You can check resources section for information, which includes this thread on natural healing. Scroll down and you will find remedies on egg issues. We always recommend you seek out a qualified avian vet first and foremost, but these remedies have worked very effectively on any egg situation- I have used them at times on my hens, until you can get to a vet.

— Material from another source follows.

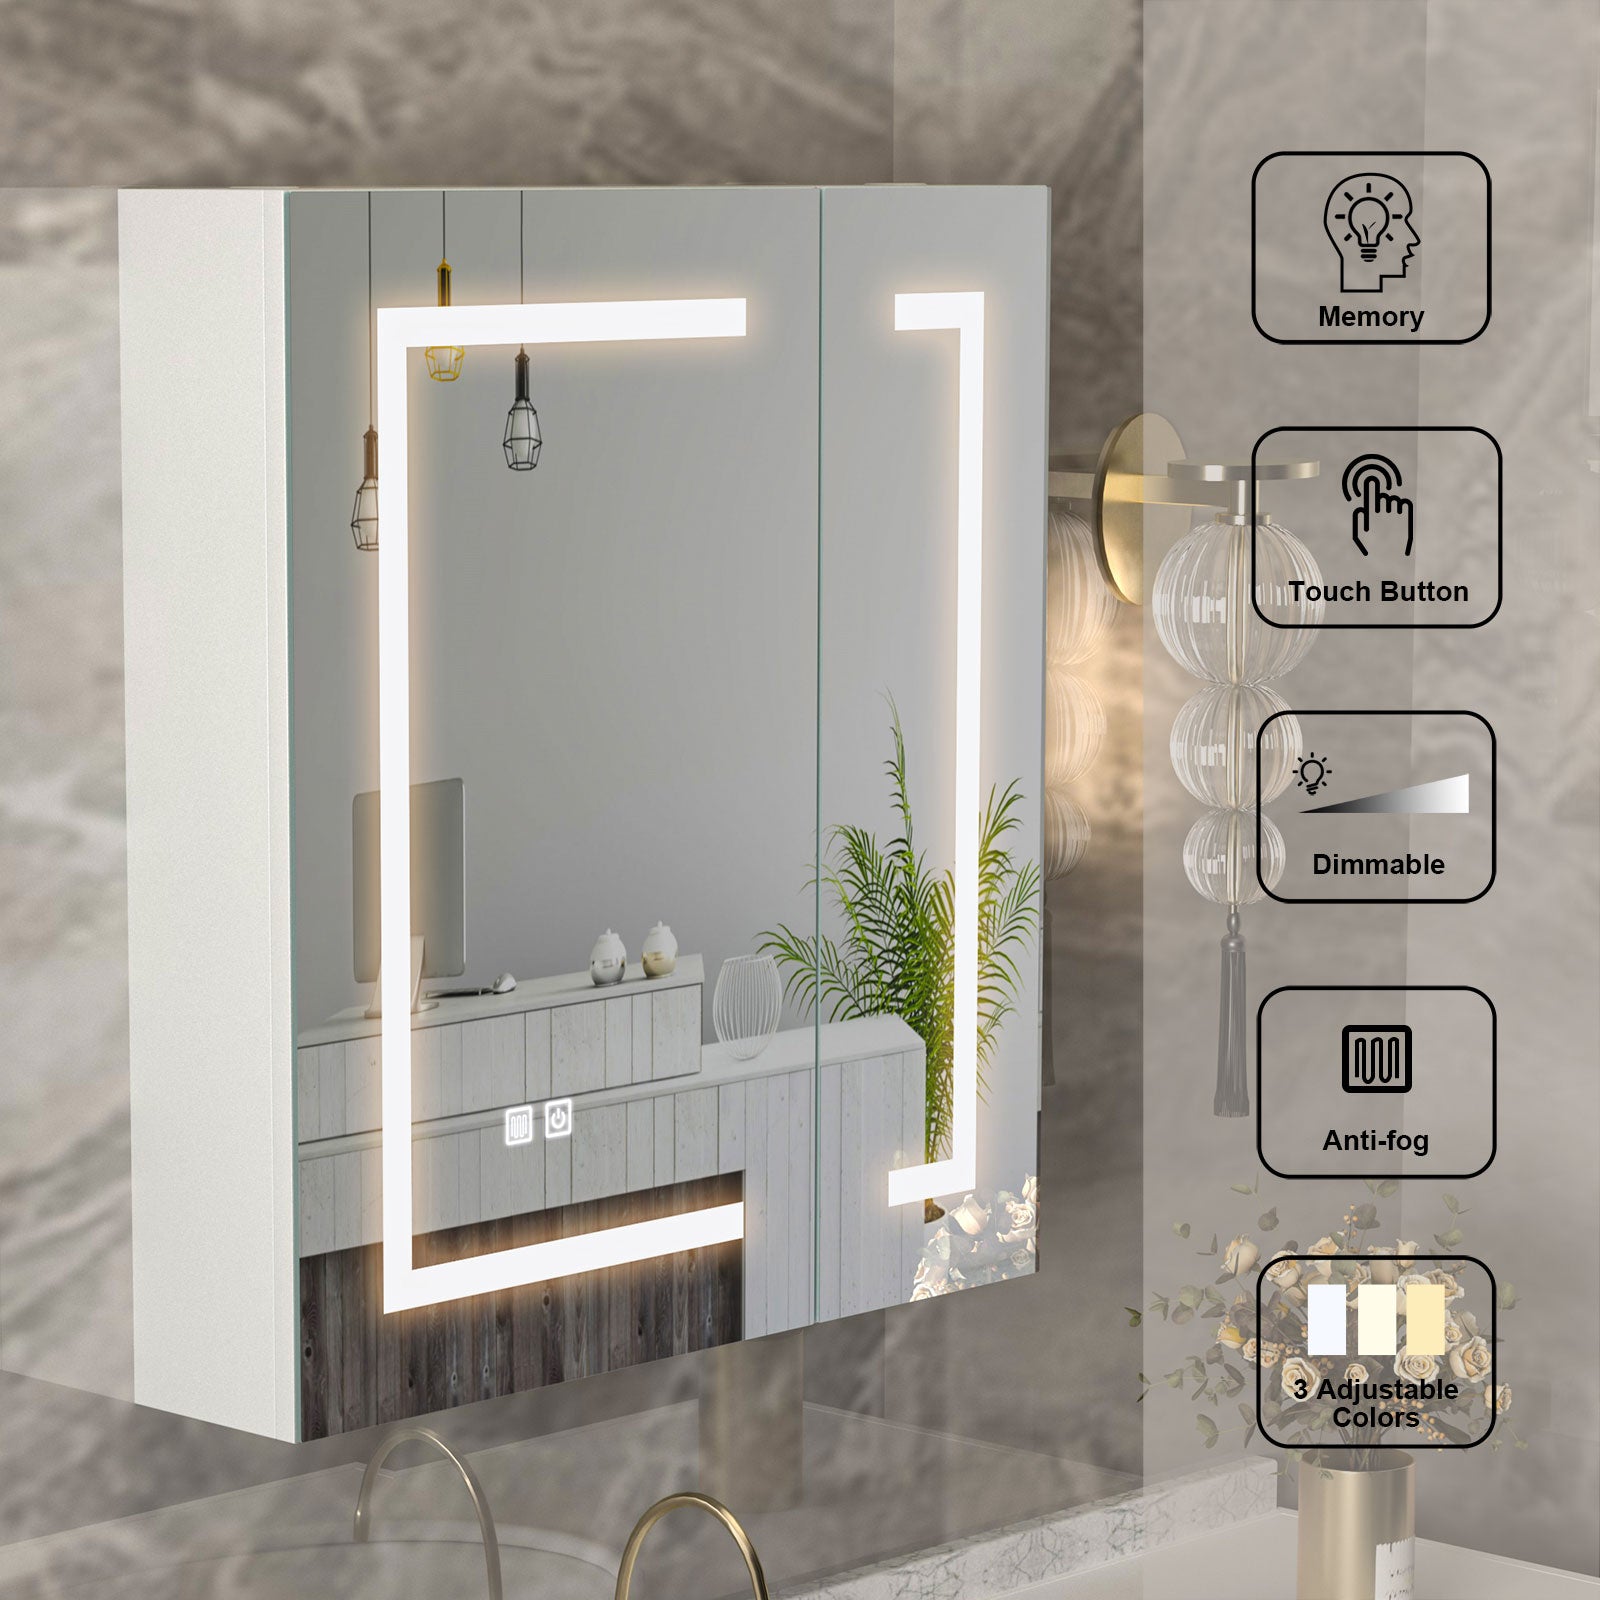 Bathroom LED Lighted Medicine Cabinet with Defogger, Wall Mounted
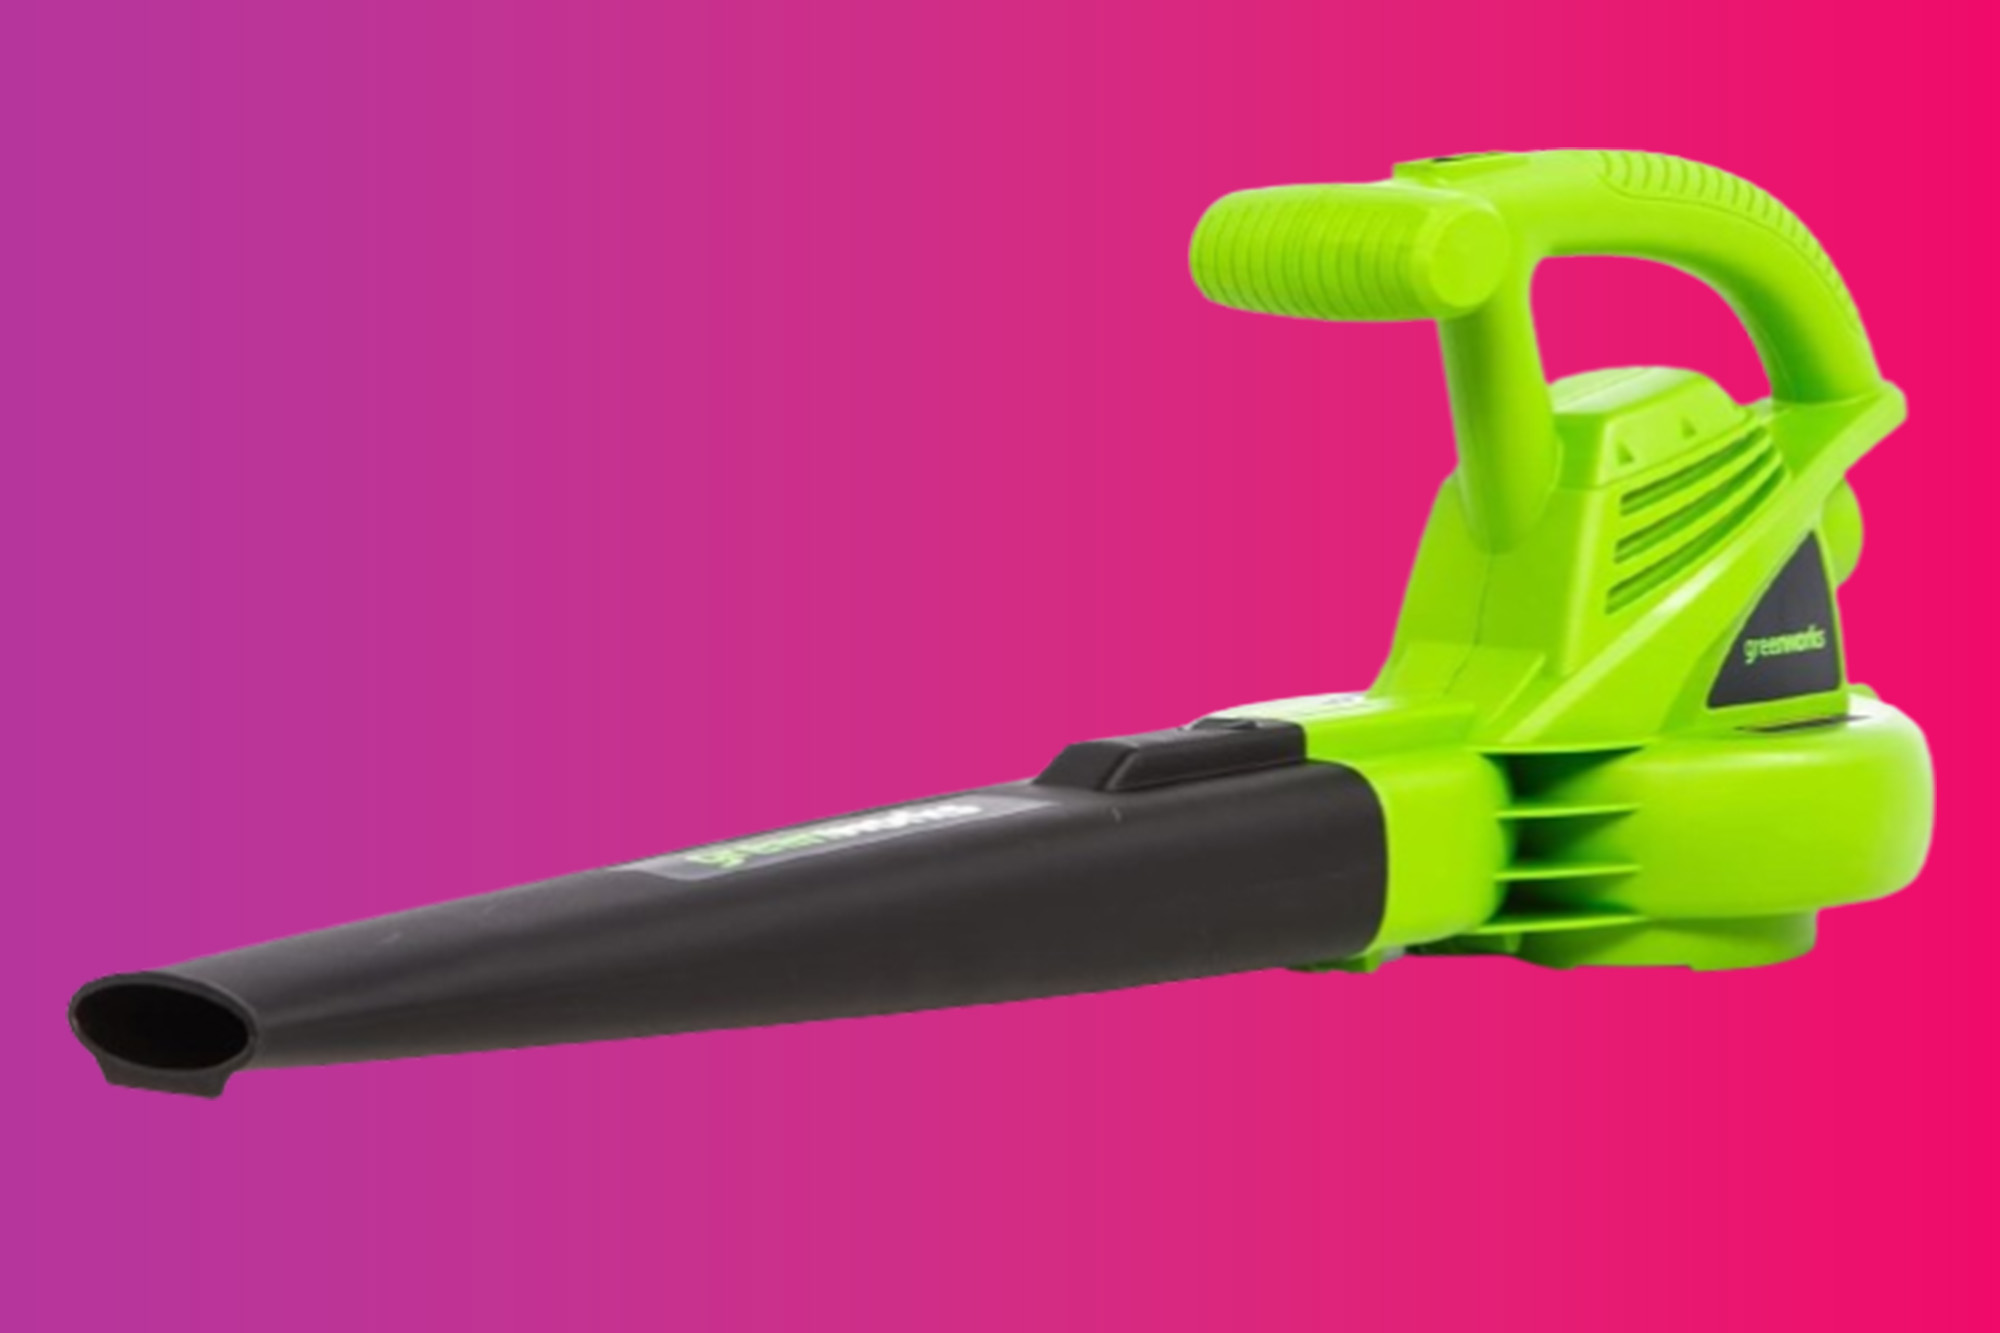 Make fall cleanup a breeze with 20% off Greenworks tools at

http://www.pigeons.biz/forums/showthread.php?t=10568

Make sure to isolate her so you can get her on heat and treatment and so you can observe the droppings, don't wait. Time is of the essence as these things can become serious and many times do.


----------



## Lovebirds (Sep 6, 2002)

Trees Gray said:


> Hello and Welcome to Pigeon Talk,
> 
> You can check resources section for information, which includes this thread on natural healing. Scroll down and you will find remedies on egg issues. We always recommend you seek out a qualified avian vet first and foremost, but these remedies have worked very effectively on any egg situation- I have used them at times on my hens, until you can get to a vet.
> 
> ...


I could be wrong.....(hope I'm not)......but I don't THINK or didn't get the impression that anything is really WRONG with this hen, except that she doesn't lay eggs anymore. Happens to the best of them.......they don't lay forever and when they stop laying, it's not always because something is wrong...........that's why I asked how old she is. Although age isn't always the reason either. Remember Roosevelt and Bonnie, that I sent to Cricket.......Bonnie was only 5 years old, but she was one of those hens that stayed mated to either a hen or her mate (Roosevelt) 12 months out of the year. If not for that, she would still be here with me, raising babies. At a very young age, she "ran out of eggs"...........so, there's a few different reasons that they stop laying.........


----------



## MaryOfExeter (Sep 30, 2007)

Another thing that could delay egg laying is stress. Has there been anything bothering the birds at night or have you been giving them a lot of medicine lately? There's a lot of things that could cause stress, but those are two common ones.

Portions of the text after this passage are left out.